In order to begin with emotions, we first need to talk about the mind. For practical reasons, we can say that we are formed by three major structures: the physical body, the mind-psyche and the energetic body. I have earlier referred to the set of these three systems as the individual matrix.

The word 'psyche' comes from ancient Greece and meant soul (that which is attached to the body during life and which is detached from it at the time of death). Later, its usage became less spiritual and the term was assigned to the set of phenomena that, in general, are related to the human mind. Even today, referring to the mind-psyche has its difficulties, since it is a rather vague and elusive term in regards to its meaning. One of the definitions drawn from conventional psychology says that the mind is a set of functions that emanate from the brain but are not the brain. Obviously, this is an insufficient definition.

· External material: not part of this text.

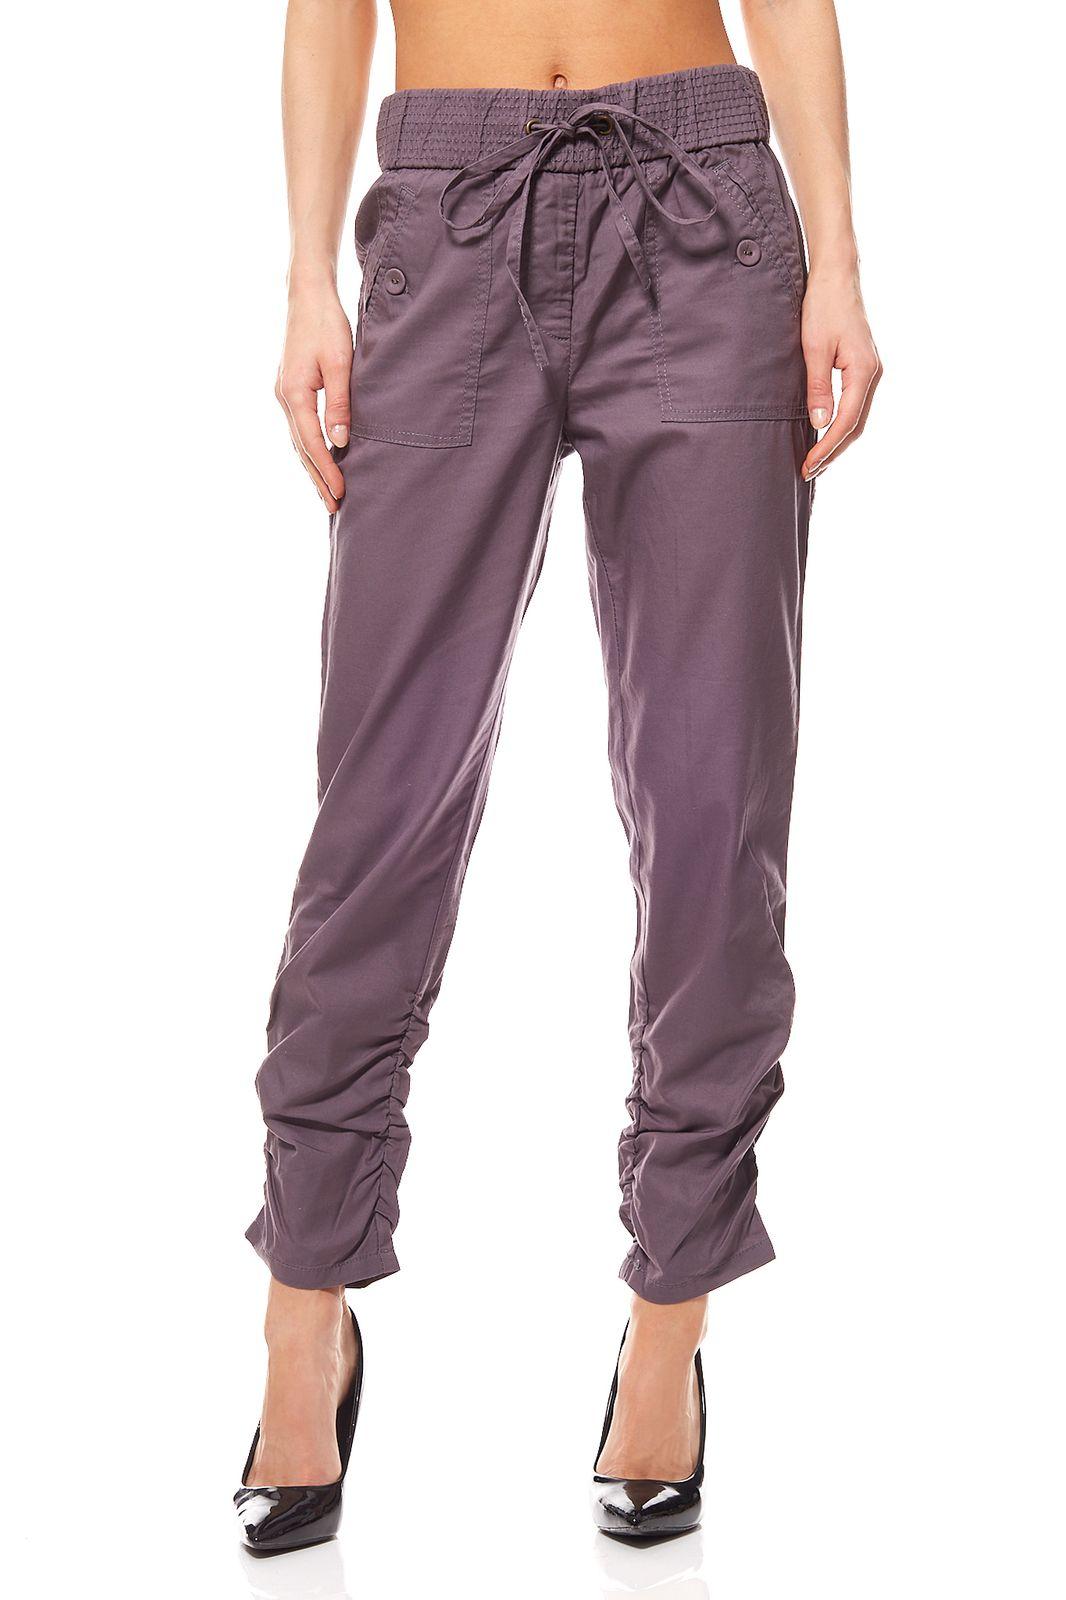 BuenaVista Malibu 7//8 Stretch Twill Damen Jeans Hose 7//8 Röhrenjeans Sommerhose

In Emoenergetica, the mind is one of the three principal structures of the individual (along with the two bodies) having its framework at the assemblage point. A basic part of the assemblage point is the emotional core. This is a system formed by the six fundamental emotions (joy, fear, sadness, motive force, love and recreation) and the 18 channels through which they relate to each other. Each of these emotions is endowed with its own structure, as well as precise properties and functions that emerge from the six great levels of tonalic organization present in Creation and in all its parts: expansion, entropy, fragmentation, contraction, cohesion and symmetry. Each of the six core emotions is, in turn, connected and fed back again into each of the six senses (including language) and vice versa. The senses are organized in the sensory nucleus, which is also a fundamental part of the assemblage point. The senses give us information about some of the characteristics present in the universe in which we live, while emotions organize, intensify and unify this sensory information, thereby creating an experience that integrates the individual with their body and with the environment in which they are situated. Personality, attention, sense of identity, memory, rational thought, imagination, creativity and other cognitive and psycho-emotional functions would be some of the products resulting from the combined work carried out at the assemblage point by both the emotional and sensory cores. These two nuclei also underpin and shape the explanation of the individual world, and participate in the explanation of the collective world, which in turn is part of the first ring of power, the dominant interpretive system in the attentional bubble or collective consensus in which we find ourselves.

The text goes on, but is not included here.